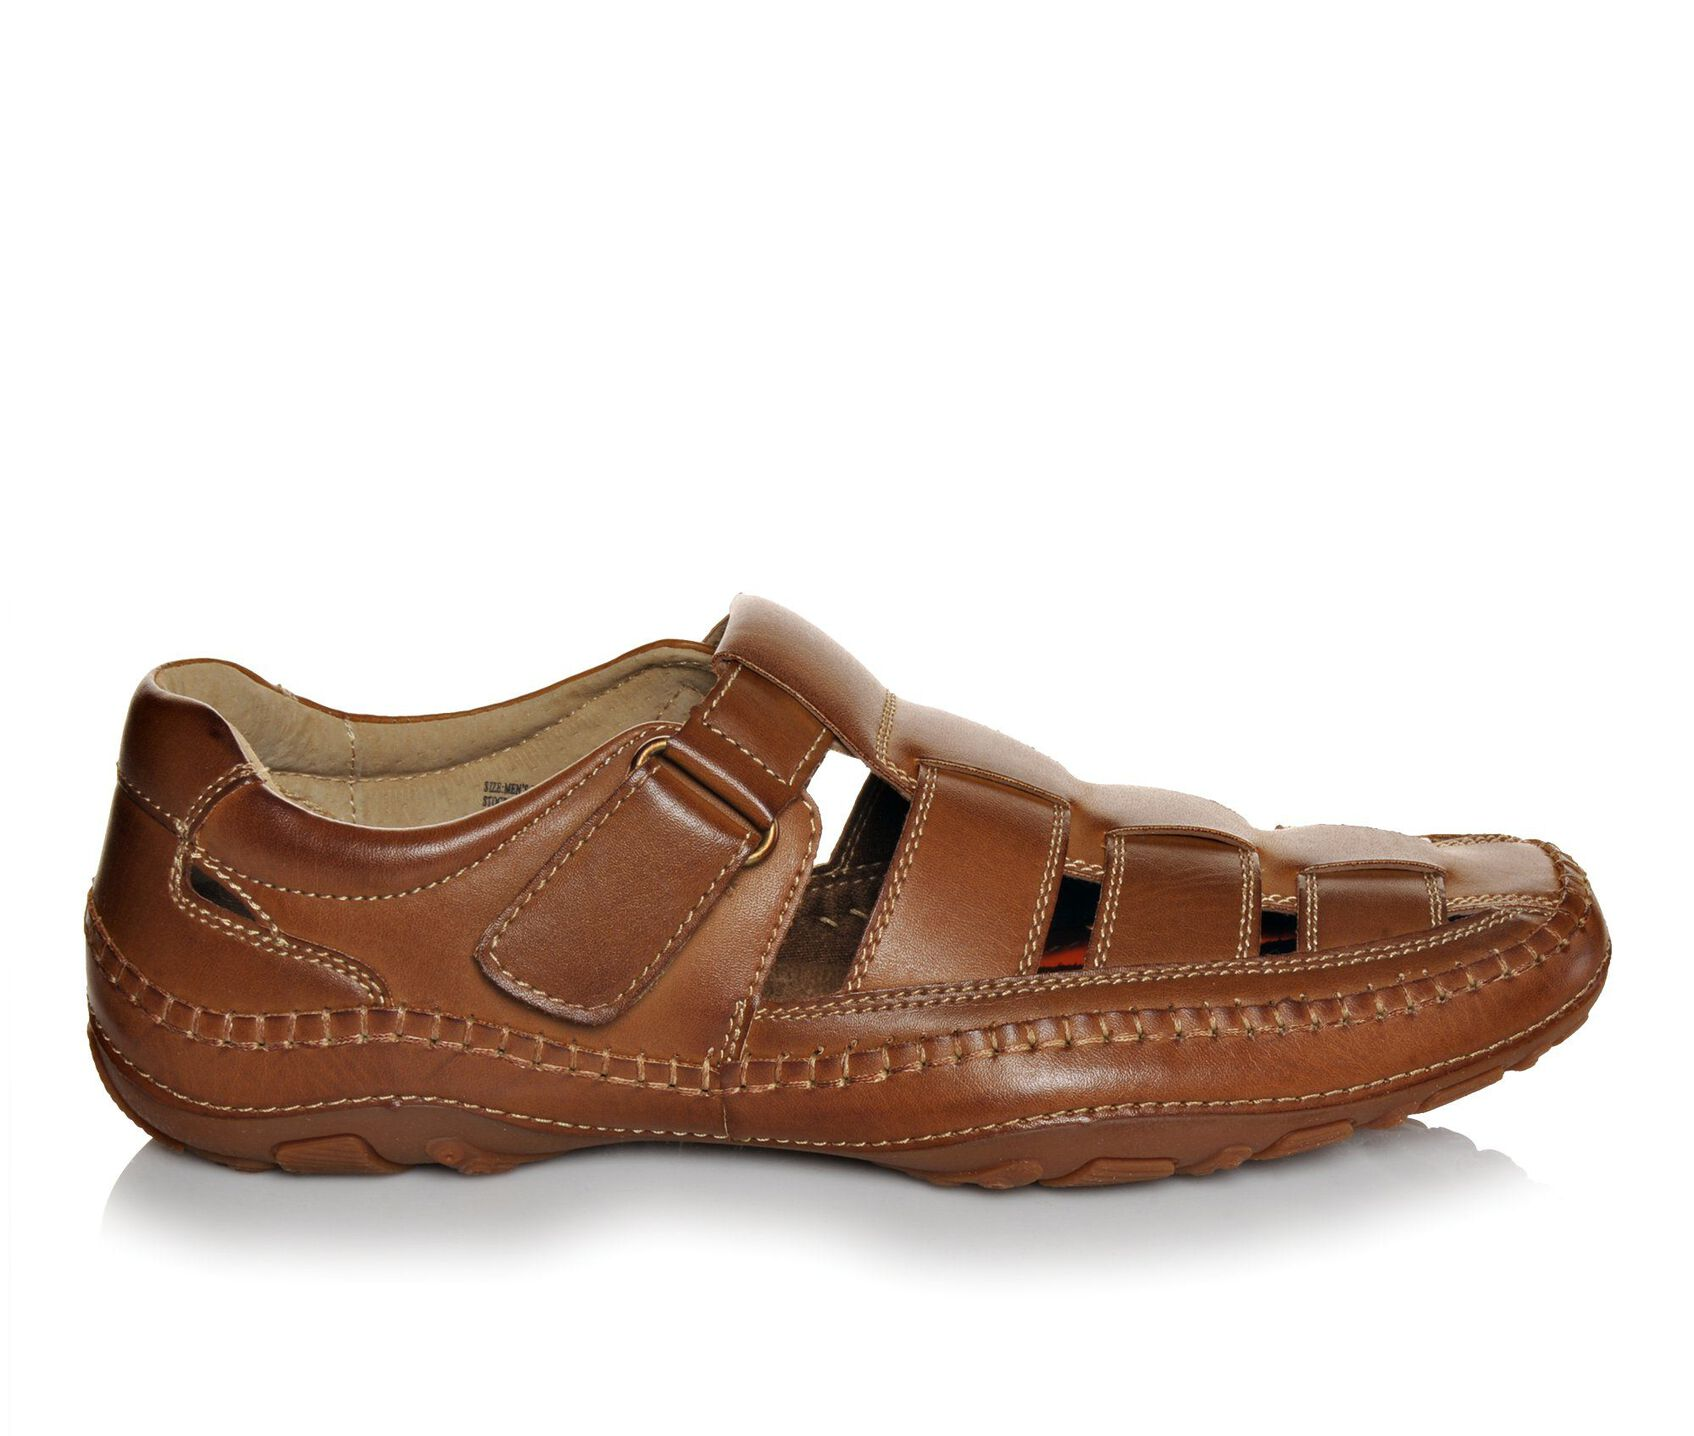 c8369783ecf Men s GBX Sentaur Sandals
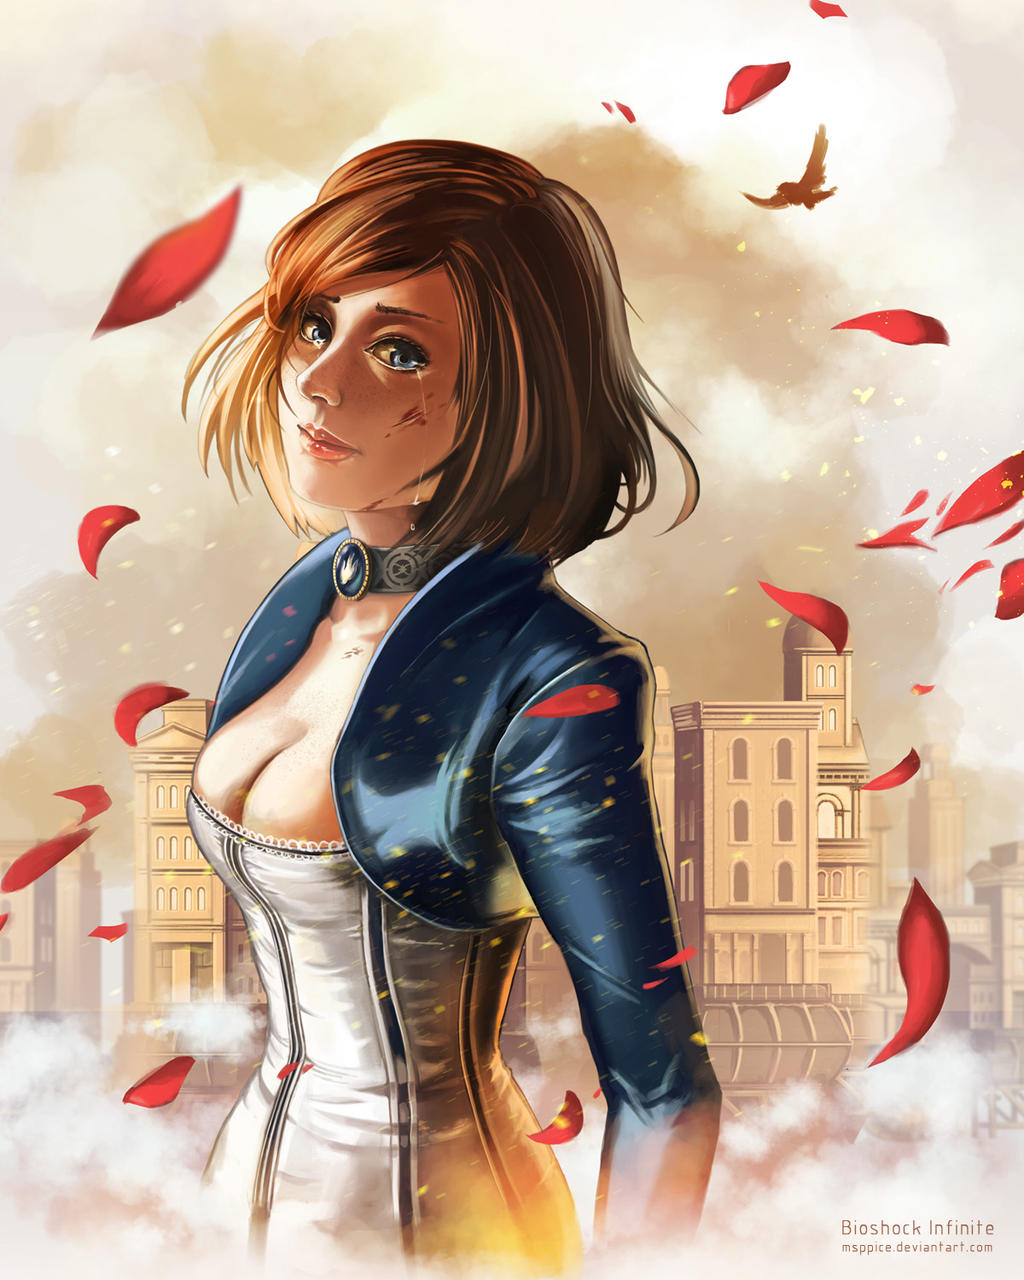 Bioshock Infinite - Elizabeth by mSppice
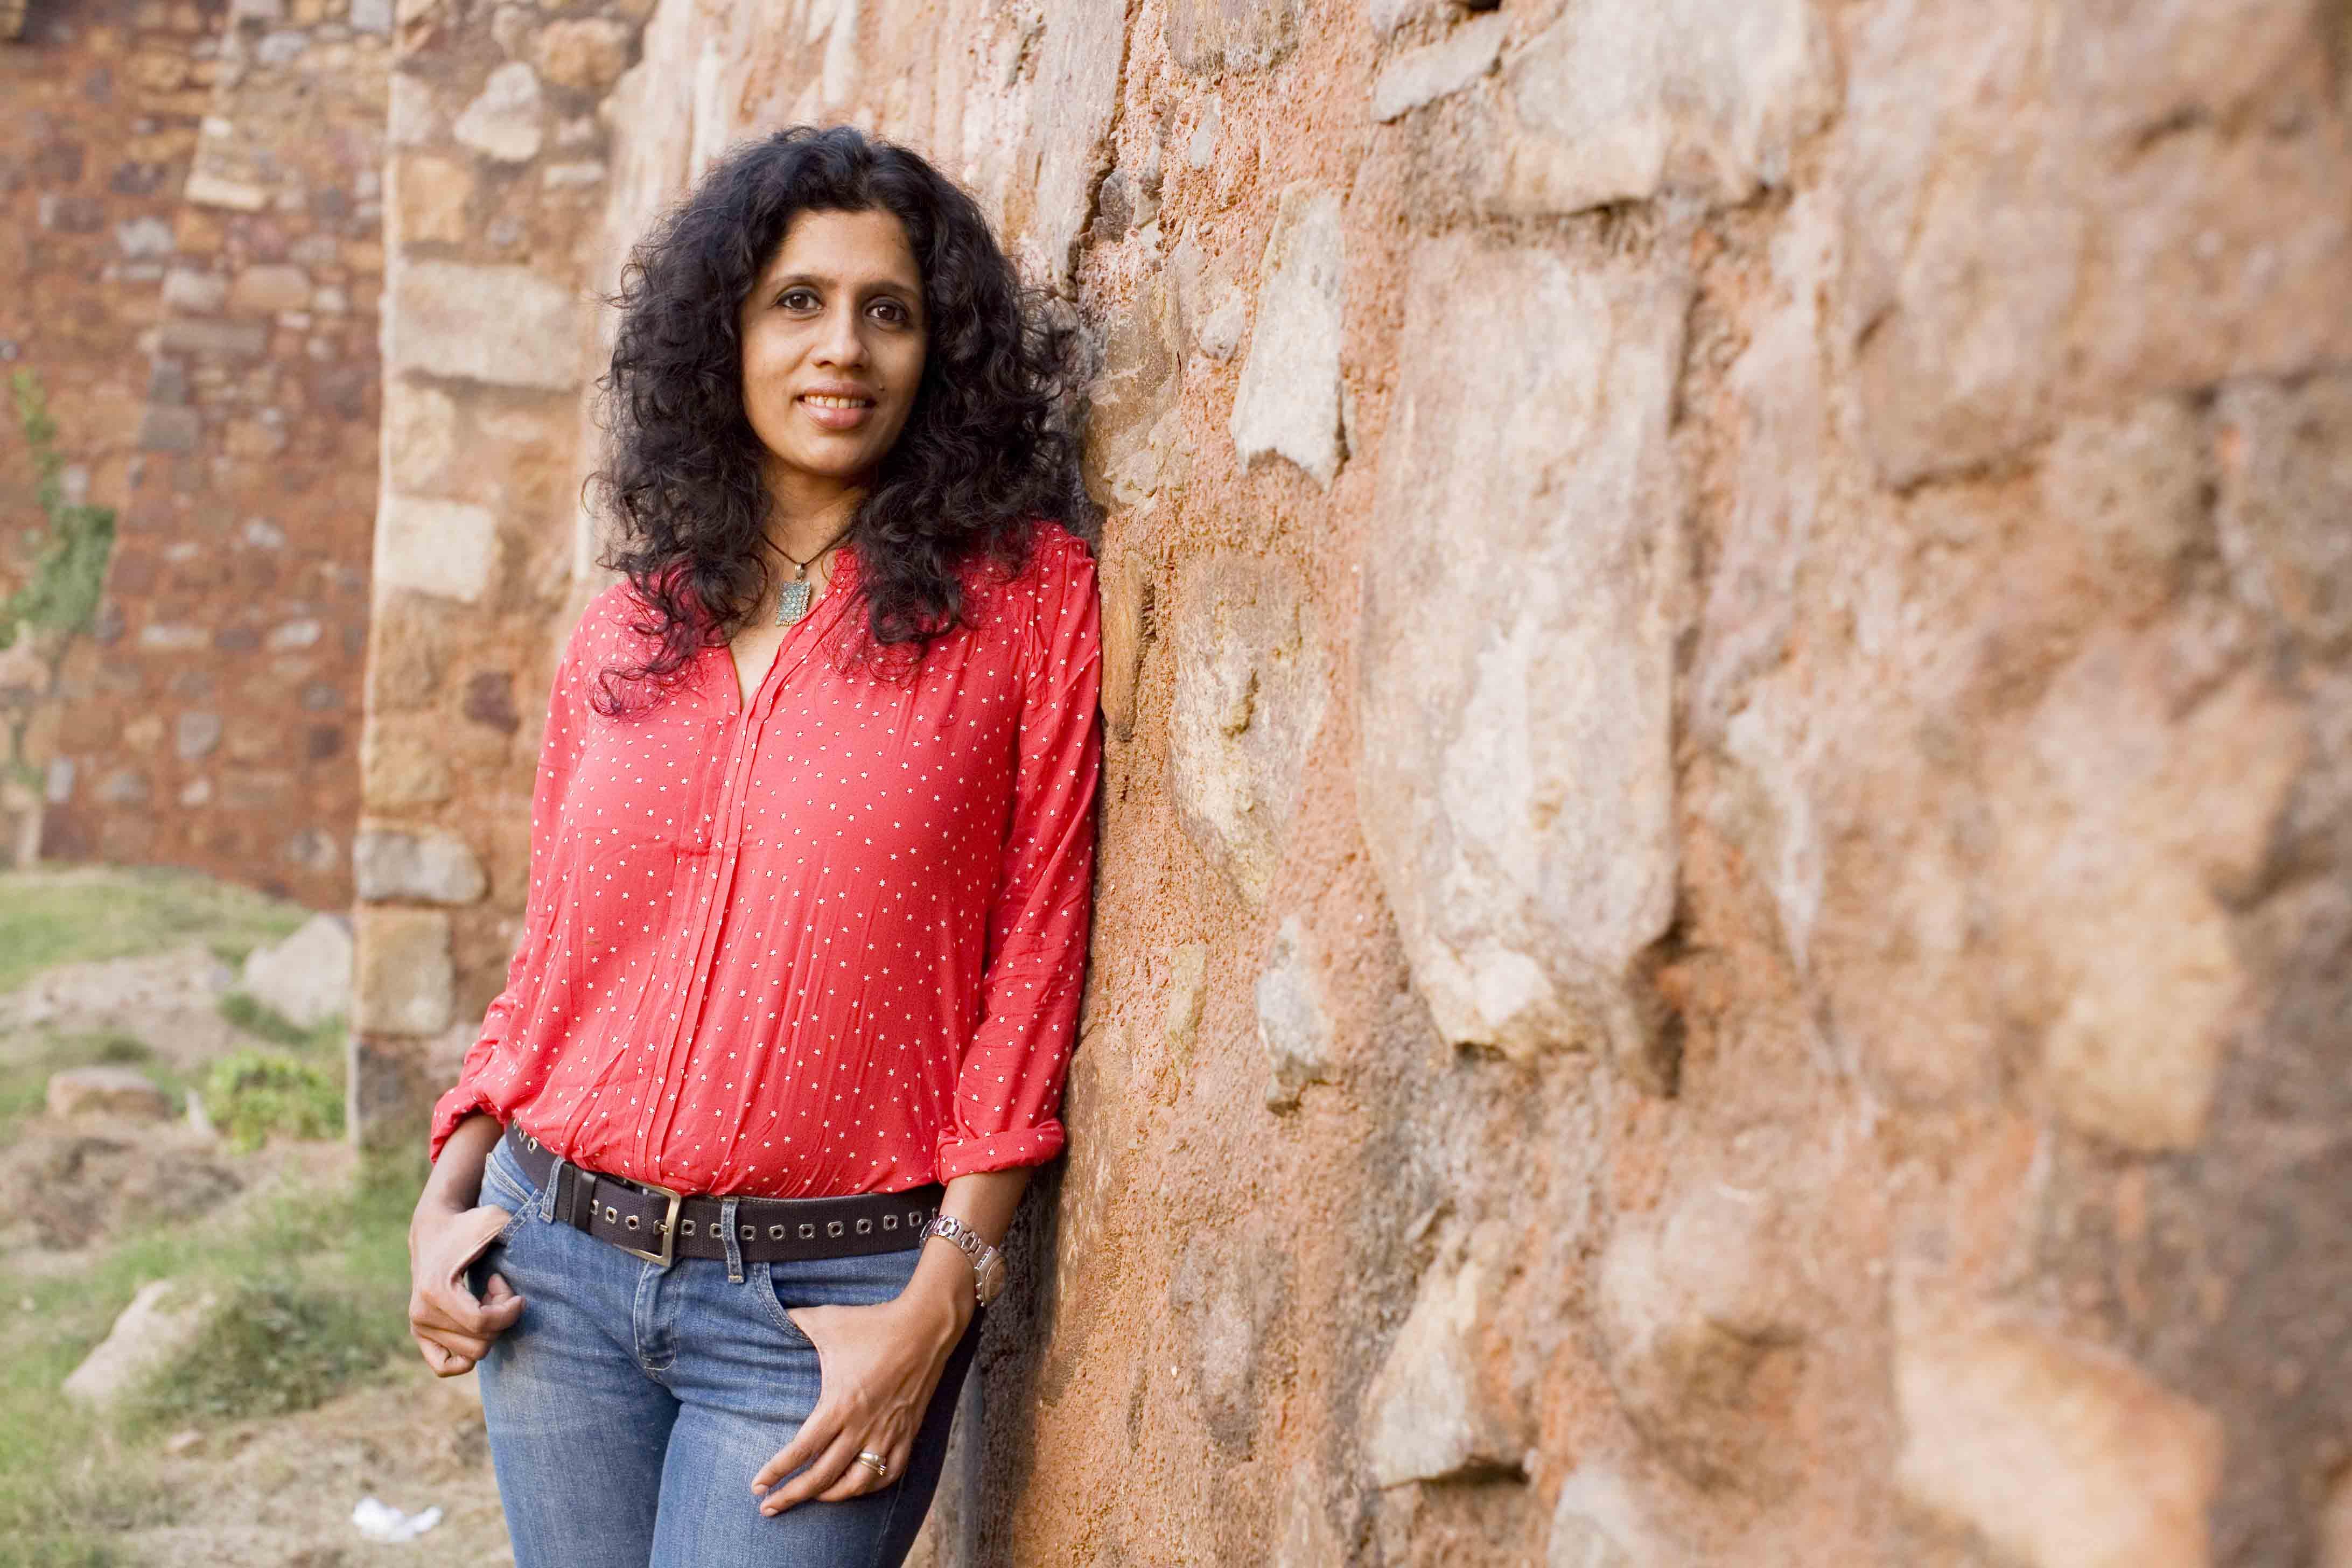 Our Self-Written Obituaries – Veena Venugopal, Sector 42, Gurgaon

▶ Work order: Return the material from above in full, exactly as written, with the pictures omitted.

▶ Task answer:
 c8369783ecf Men s GBX Sentaur Sandals
 Bioshock Infinite - Elizabeth by mSppice
 Our Self-Written Obituaries – Veena Venugopal, Sector 42, Gurgaon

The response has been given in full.